Task instructions: Span requested from the data below: the line with "Luminero™ Houten Vlinder" through the line with "Календарь рабочих дней", both included. Give only these lines again, exactly, and leave every picture out.

── Information shown

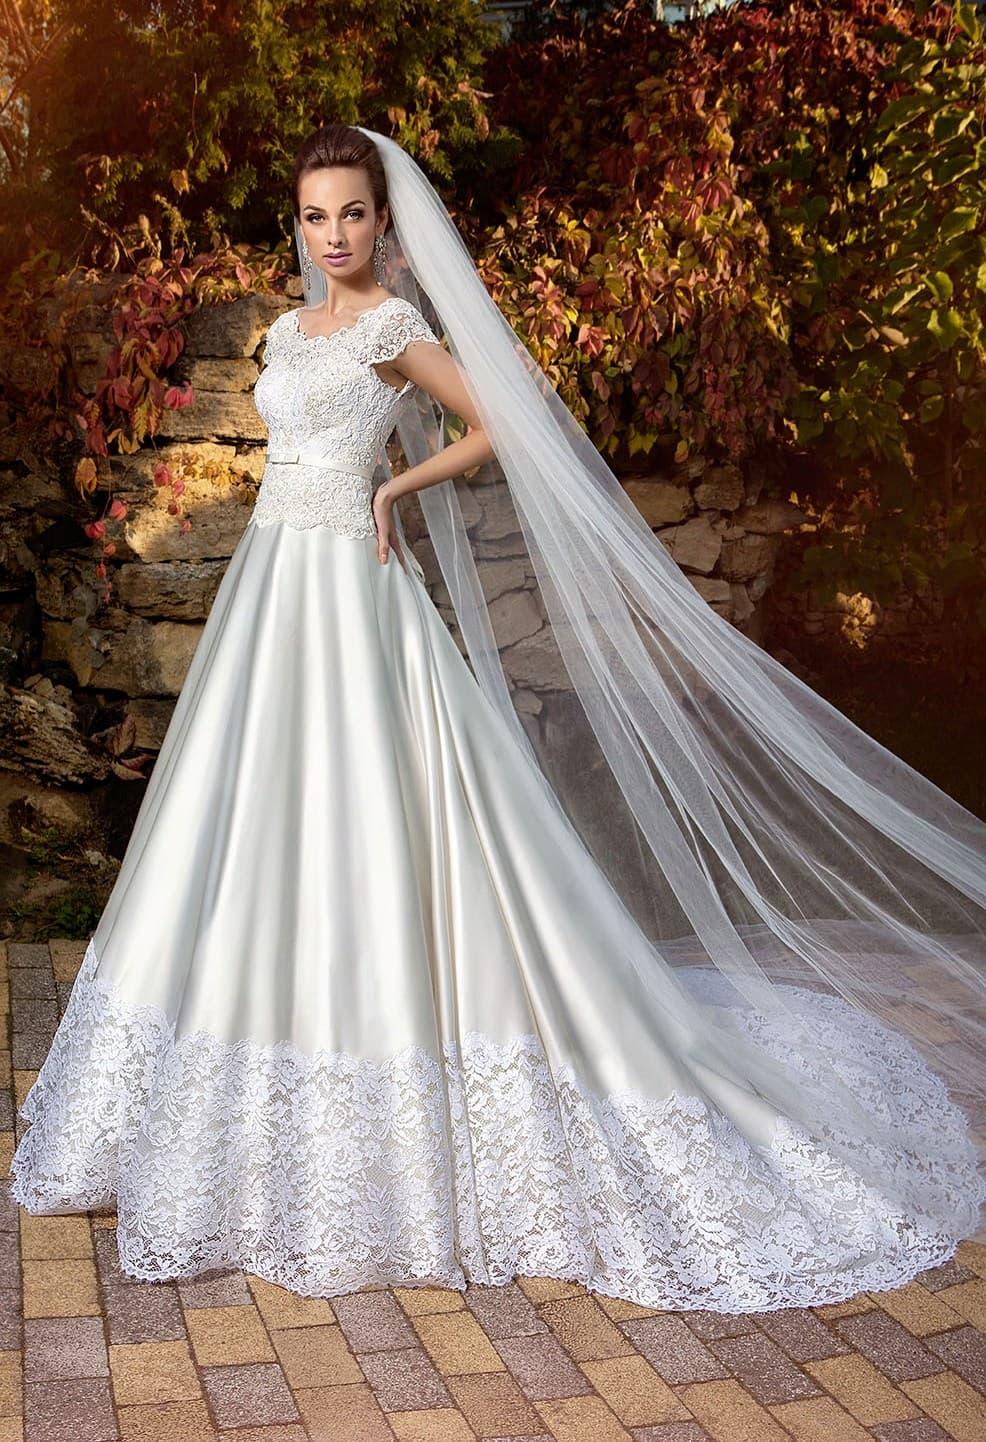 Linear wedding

────
── Information shown

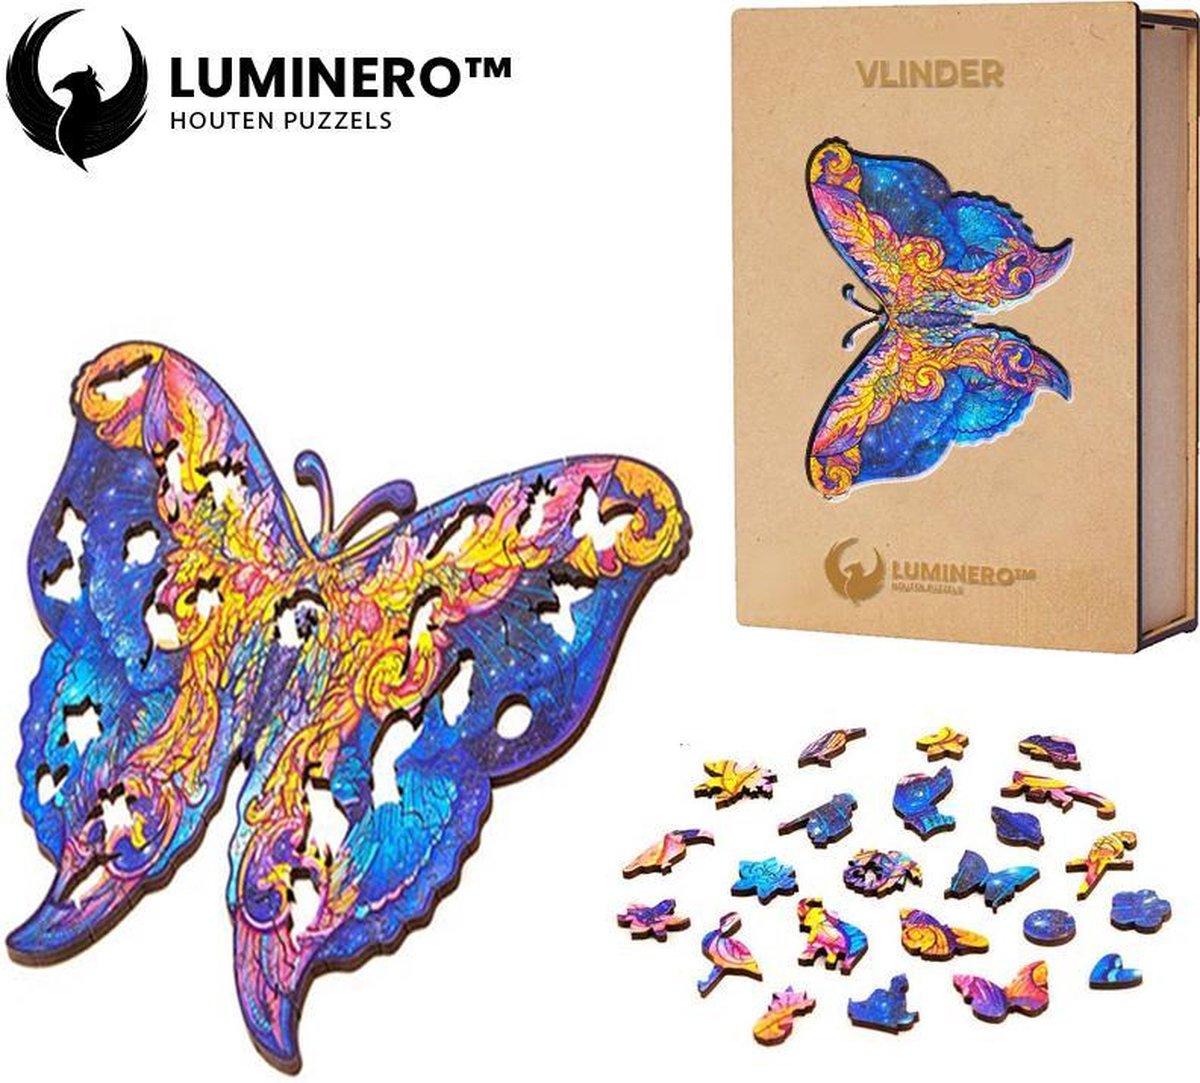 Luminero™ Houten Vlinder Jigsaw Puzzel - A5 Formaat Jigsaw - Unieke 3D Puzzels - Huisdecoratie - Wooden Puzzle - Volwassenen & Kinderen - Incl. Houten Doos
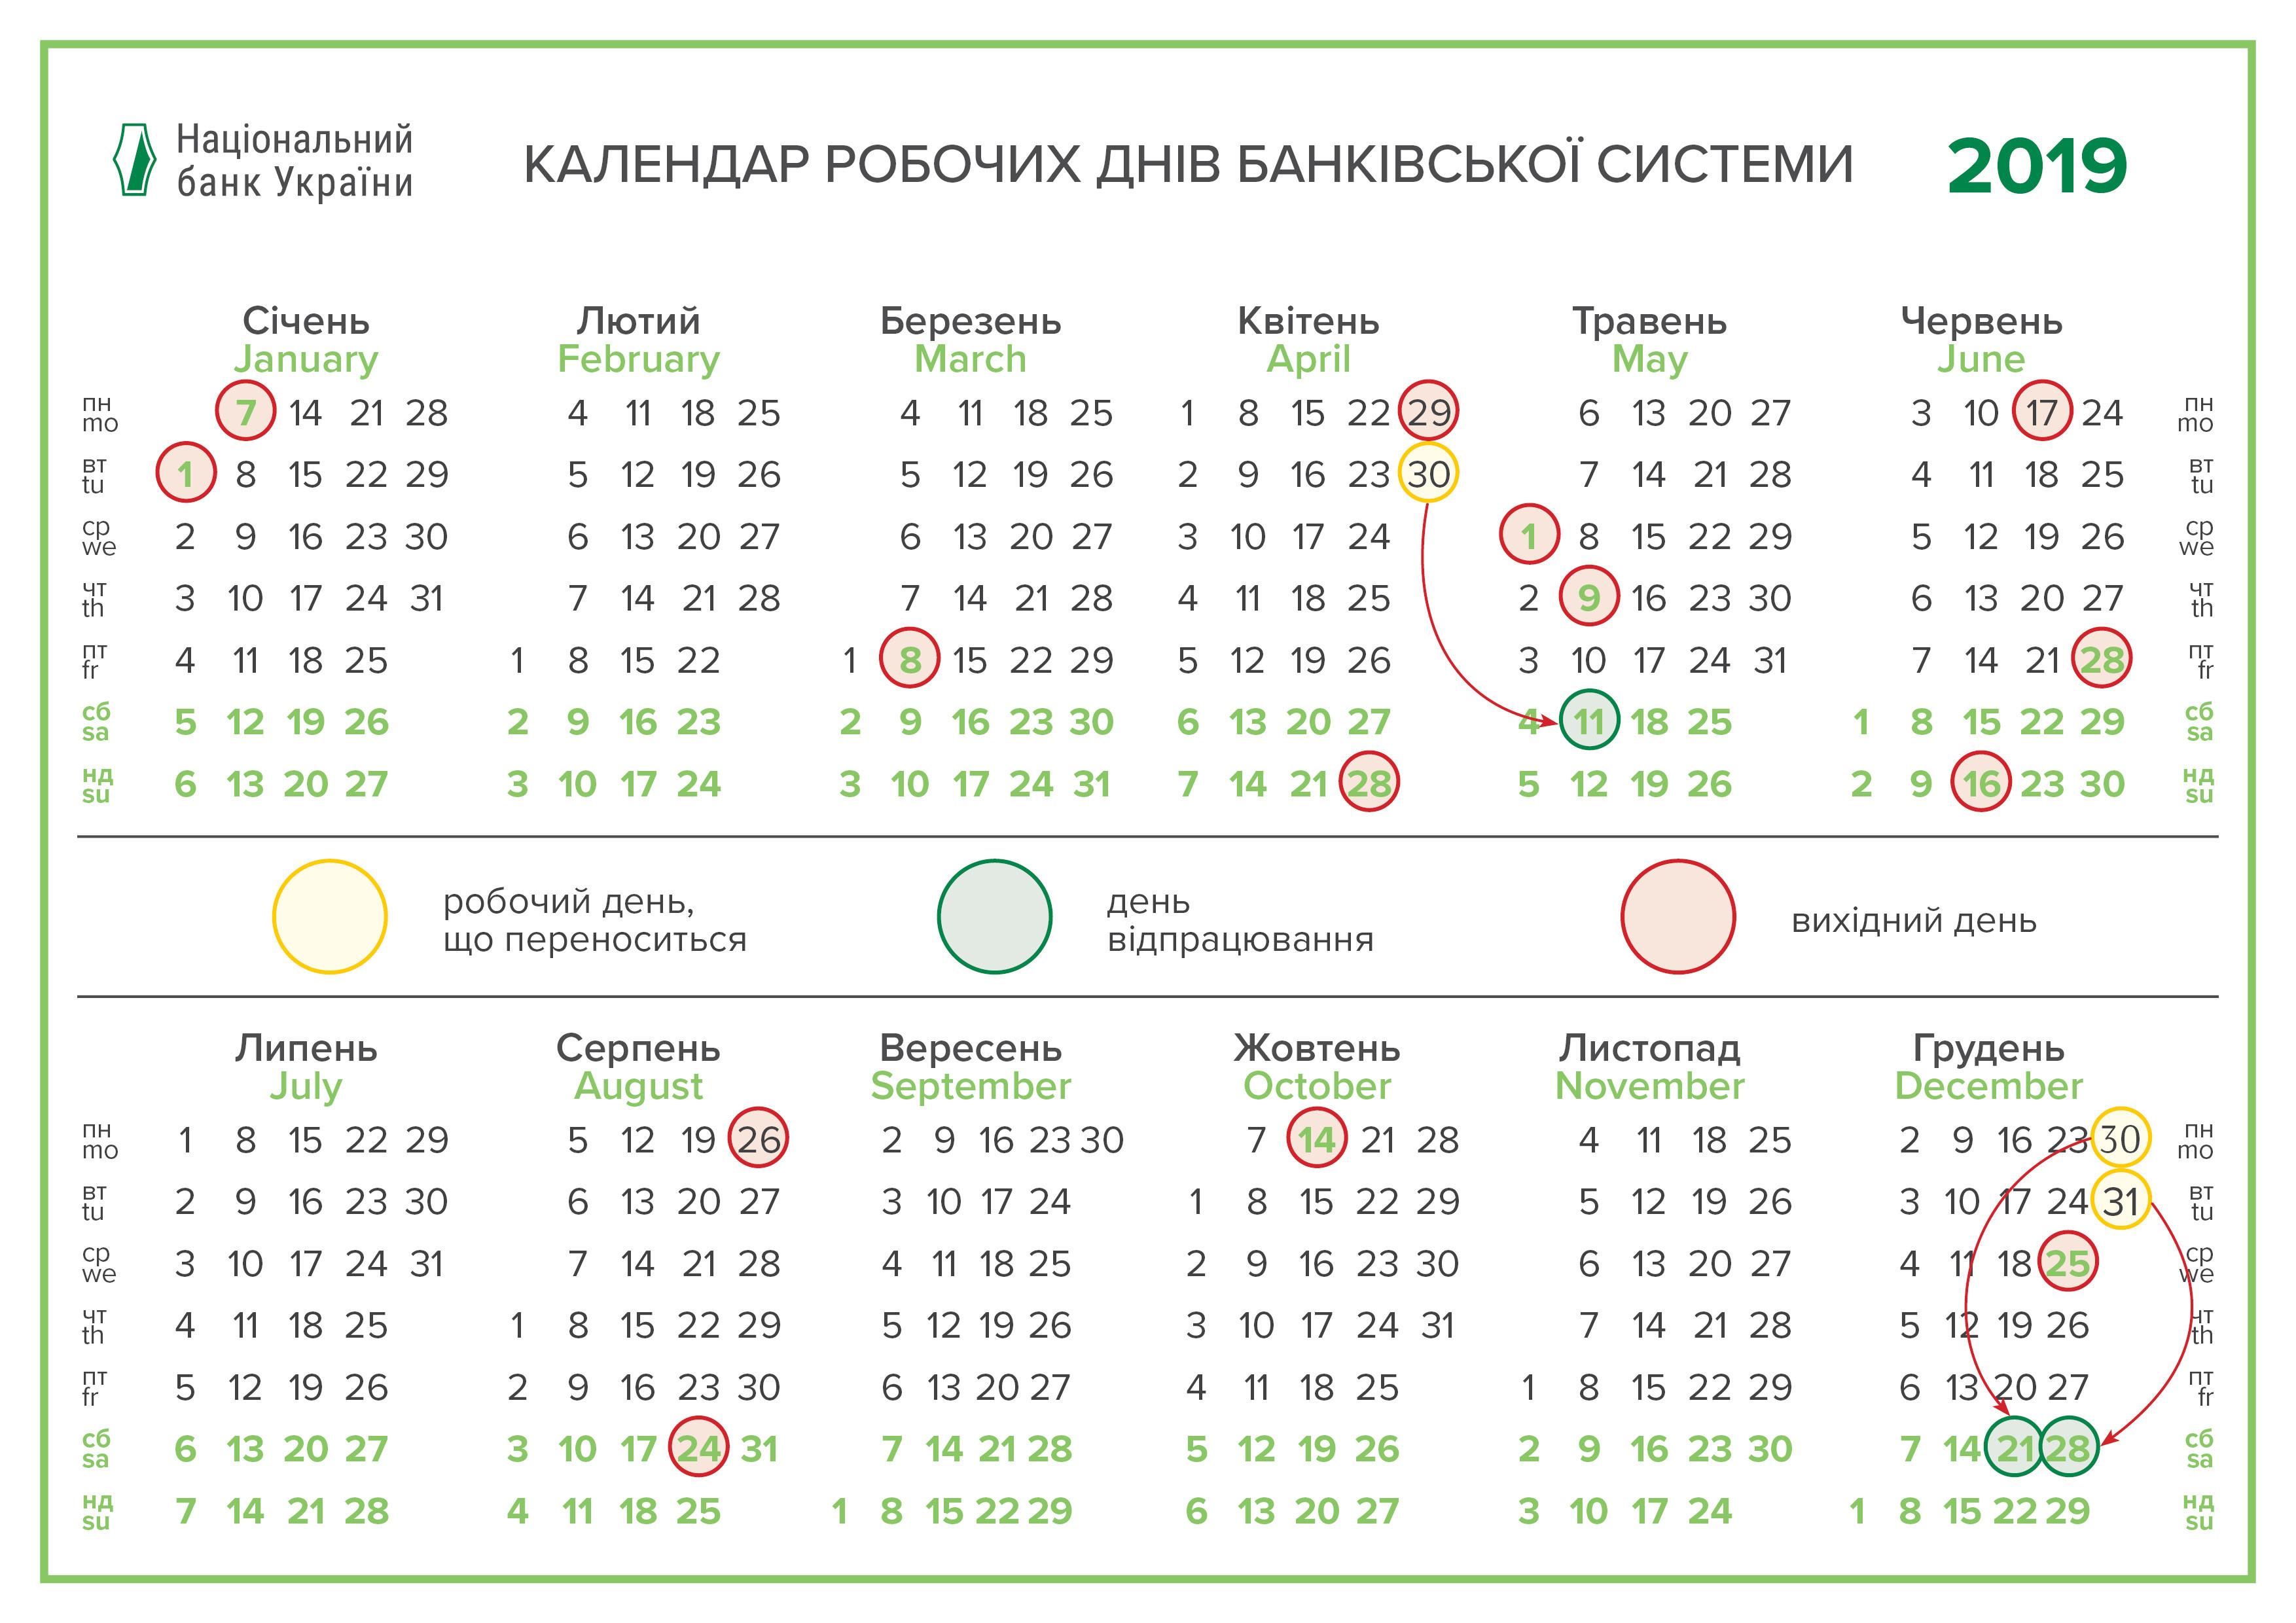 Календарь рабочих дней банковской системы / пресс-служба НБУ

────

Answer for this exercise:
 Luminero™ Houten Vlinder Jigsaw Puzzel - A5 Formaat Jigsaw - Unieke 3D Puzzels - Huisdecoratie - Wooden Puzzle - Volwassenen & Kinderen - Incl. Houten Doos
 Календарь рабочих дней банковской системы / пресс-служба НБУ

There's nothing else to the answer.